Yeah, its mainly for the chance of the falsely convicted that I hesitate about executions, but otherwise, I think it seems just to my mind to kill killers who killed and even violent serial rapists and stuff.
 

Father Heathen

Veteran Member
Can you imagine that the being which invented butthurt in order to experience butthurt finds "butthurt" a novelty? If you really think about it, since everything would start with Nothing and has to be built up, things like noses and clowns and "being offended" are all entirely absurd, but exist, and would be entirely novel to feel these sensations or experience them through the experiences created (like the experience of being a butthurt judge in Pakistan).
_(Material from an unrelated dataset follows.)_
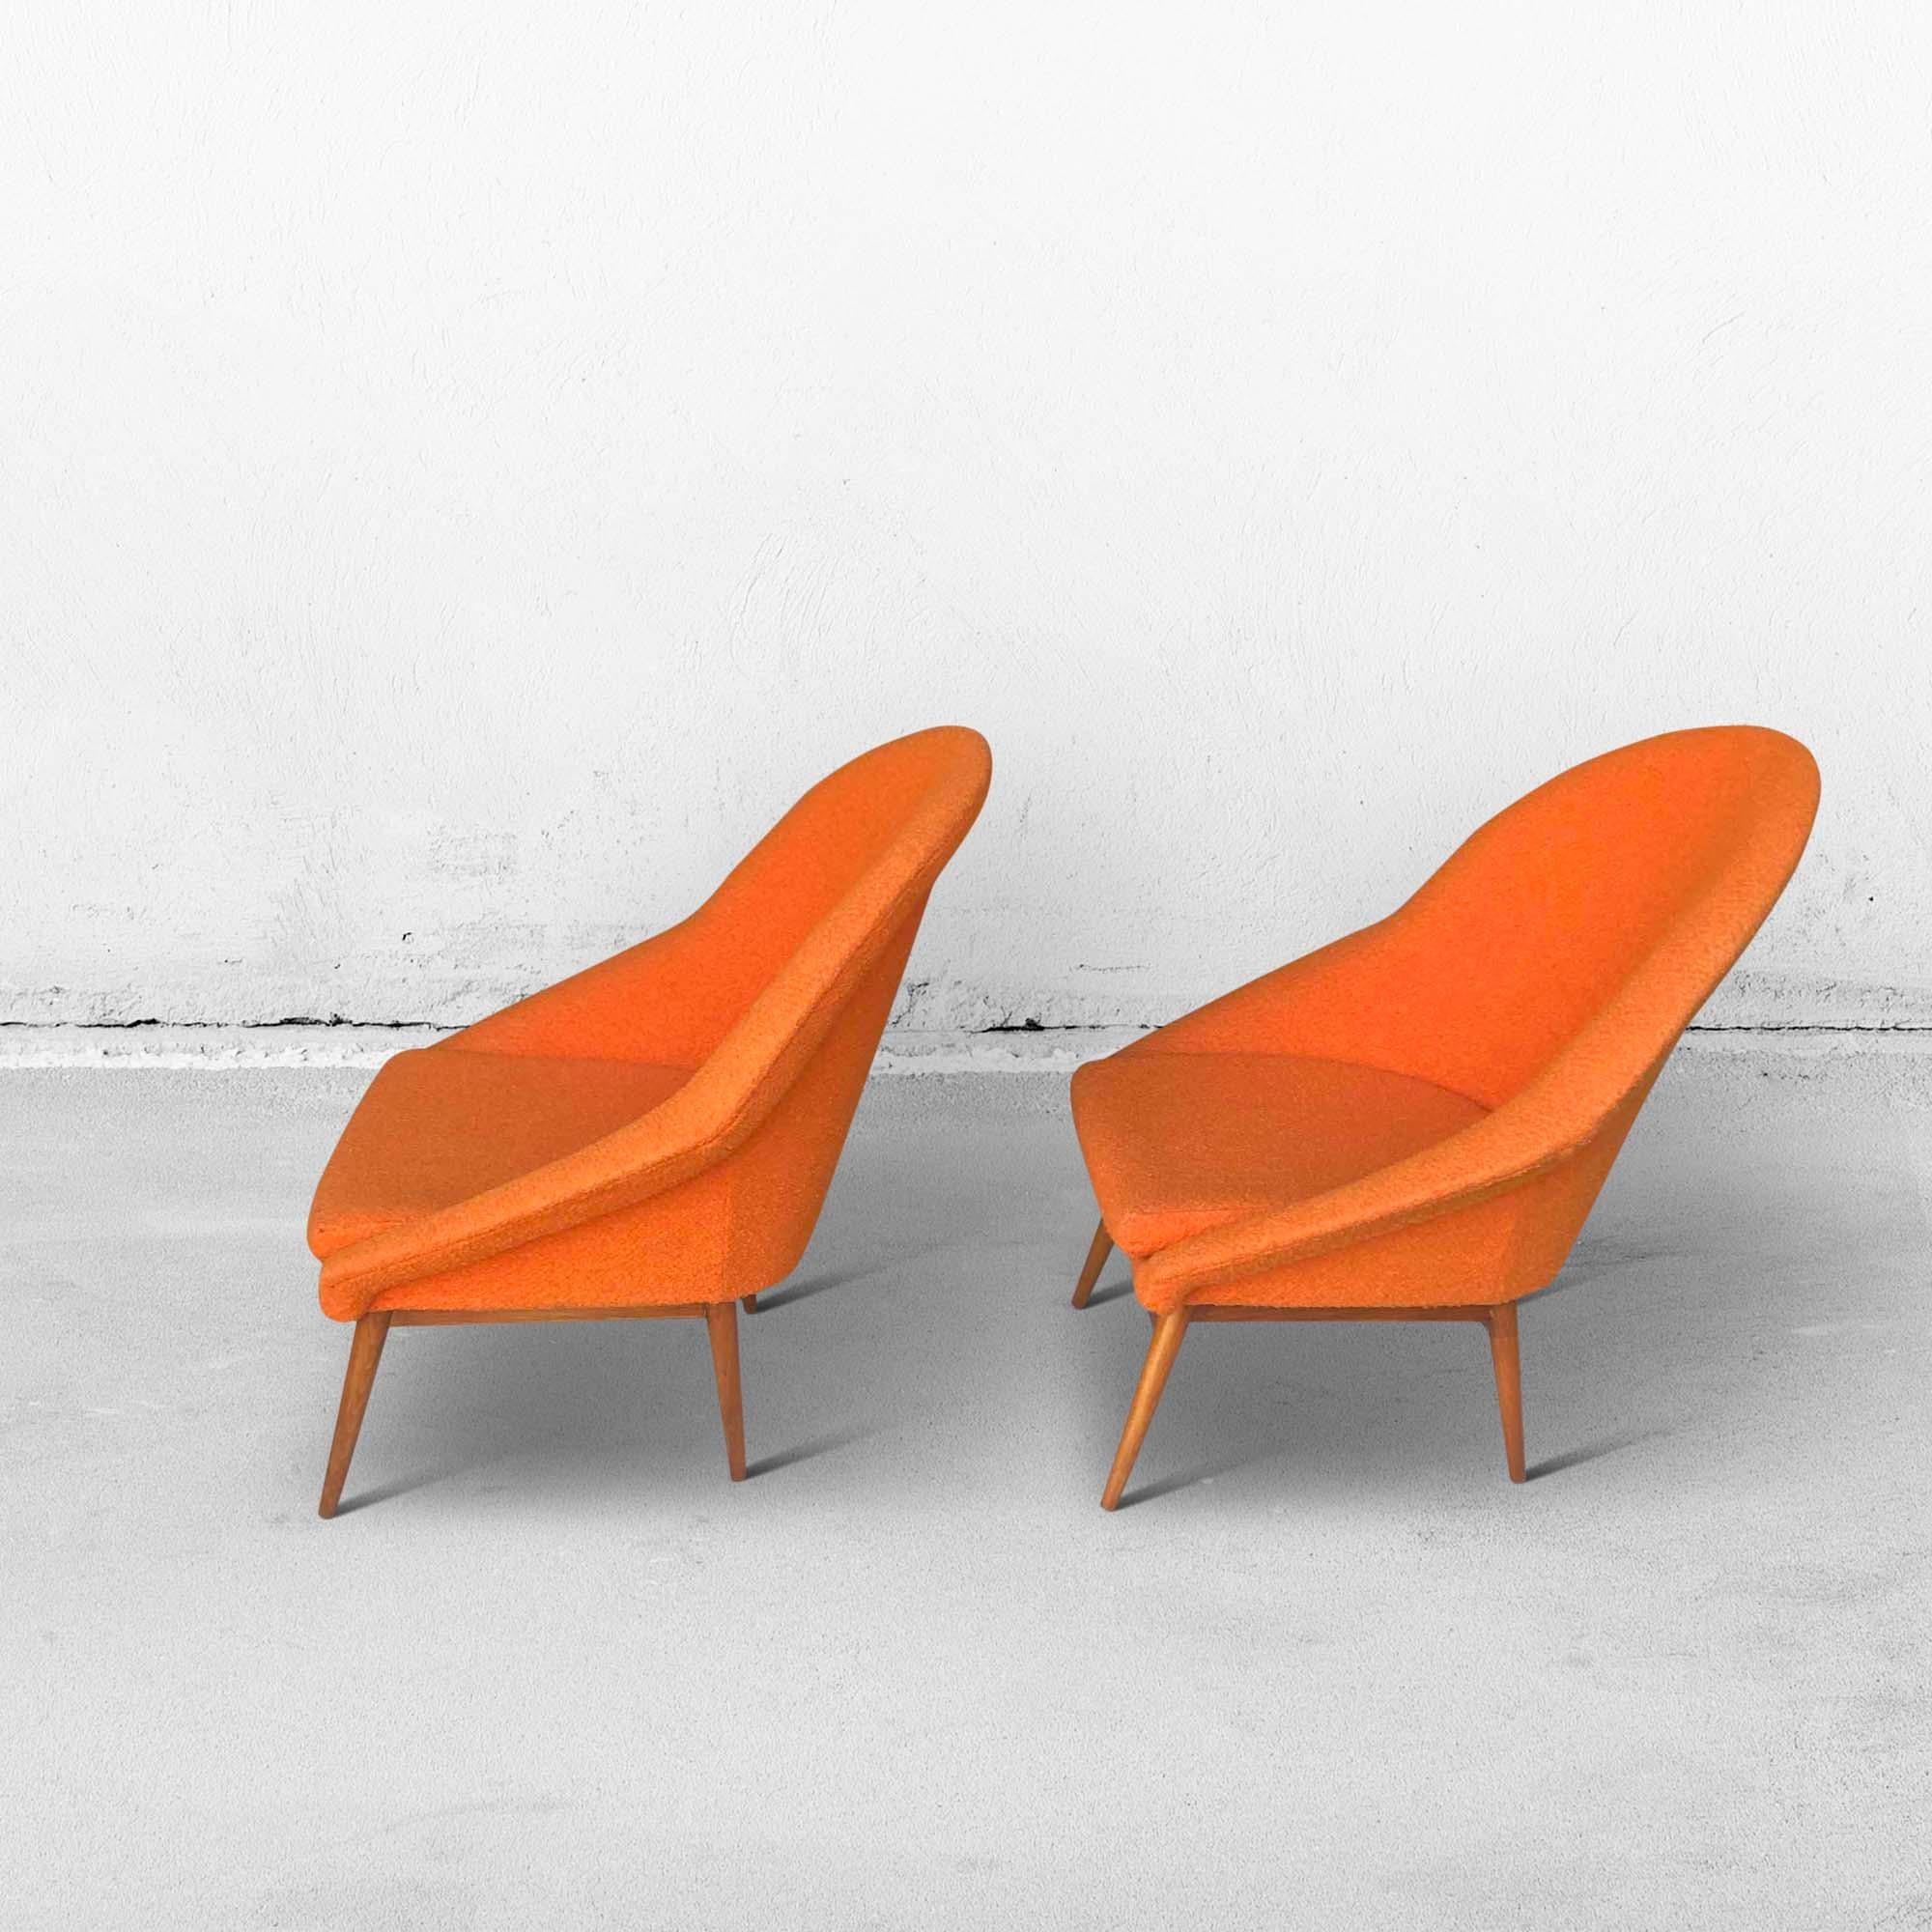 Un ensemble de sièges baquets d'une couleur orange foncé. Ces fauteuils datent des années 1960. Le tissu ne présente aucune tache ou dommage et le confort d'assise est encore très bon. Les pieds en bois sont encore très solides et ont été

I think that God, having started far beyond these things, has created all these things which are absurd, baseless, novel inventions and sensations, and then forces these stories and experiences into realities where people are horrifically victimized, and can make it also like it never even happened. I don't believe in a God that is benevolent or has any need to be benevolent, but that invented the idea or notion of "benevolence", wags it in front of people's faces, while torturing and killing them en masse, and then bringing them back for another round and another if IT so wishes. Given an infinite amount of time and power, what else is there to do than make up crap and blow shtuff up?
So god is some sort of cosmic parasite that cultivates suffering in order to feed off of it?
 

Valjean

Veteran Member
Premium Member
If you have a big problem with the laws in Pakistan, maybe you should move to Pakistan and try and do something about it??? We have a lot of f'd up laws here that Pakistanis are not in favour of too.
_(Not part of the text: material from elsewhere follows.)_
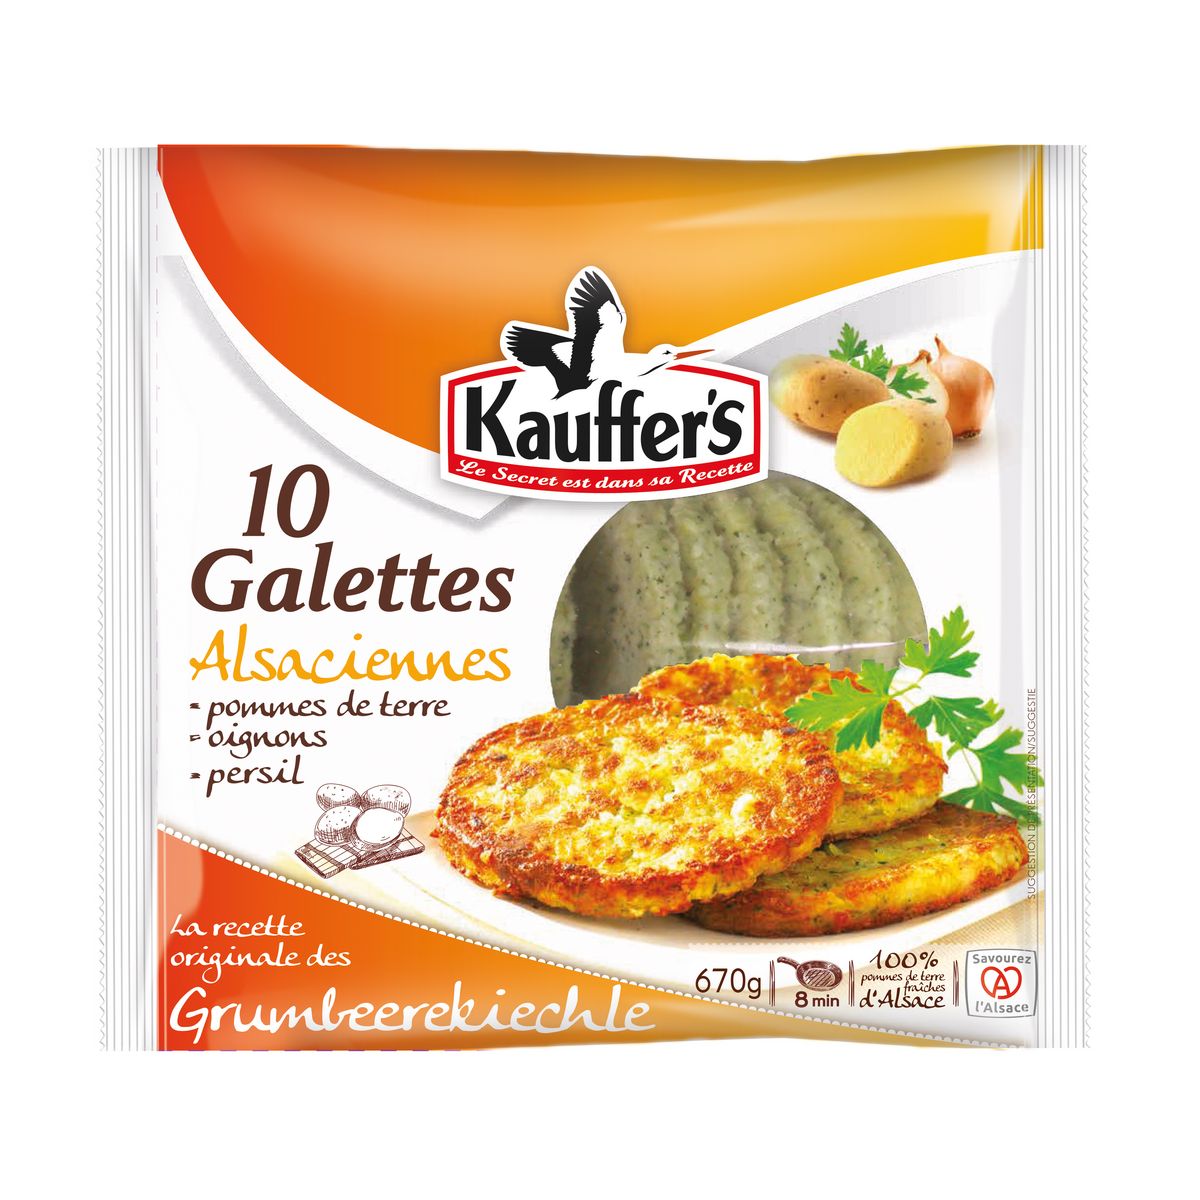 KAUFFER'S Galettes Alsaciennes pomme de terre oignons persil 10 pièces 670g

From what I understand this blasphemy law accounts for maybe 1-2 deaths /yr in Pakistan. We unjustly execute more people than that in the USA, maybe we should concentrate on that instead.
Pakistan awarded death penalty to 584 people, 17 for blasphemy in 2019 - Times of India
These, of course, are recorded, judicial executions. But justice in outlying districts is usually handled by the village council, and is usually unreported..
Panchayat – Pakistan’s alternate judicial system
Heaven knows how many honor killings are carried out by family members, or how many are killed by mobs or annoyed neighbors.
Pakistan mob kills woman, girls, over 'blasphemous' Facebook post
Lynching of Mashal Khan - Wikipedia
 

TagliatelliMonster

Veteran Member
Blasphemy is a Catholic concept that doesn't make any sense, but does rely by definition on the idea of a central infallible institution like the Papacy (something absent from the Pakistan or any Muslim-majority country, which are simply independent countries doing their own thing) for such a concept to actually etymologically and semantically be a thing.

This is beside the point I'm making that this is a nonsense article that doesn't explain anything. I genuinely would like to actually hear about the situation rather than this shock value clickbait circle jerk garbage.

Sounds like you are in denial about what actually happens in the islamic theocracies in the middle east.

Cases such as this are hardly without precedent.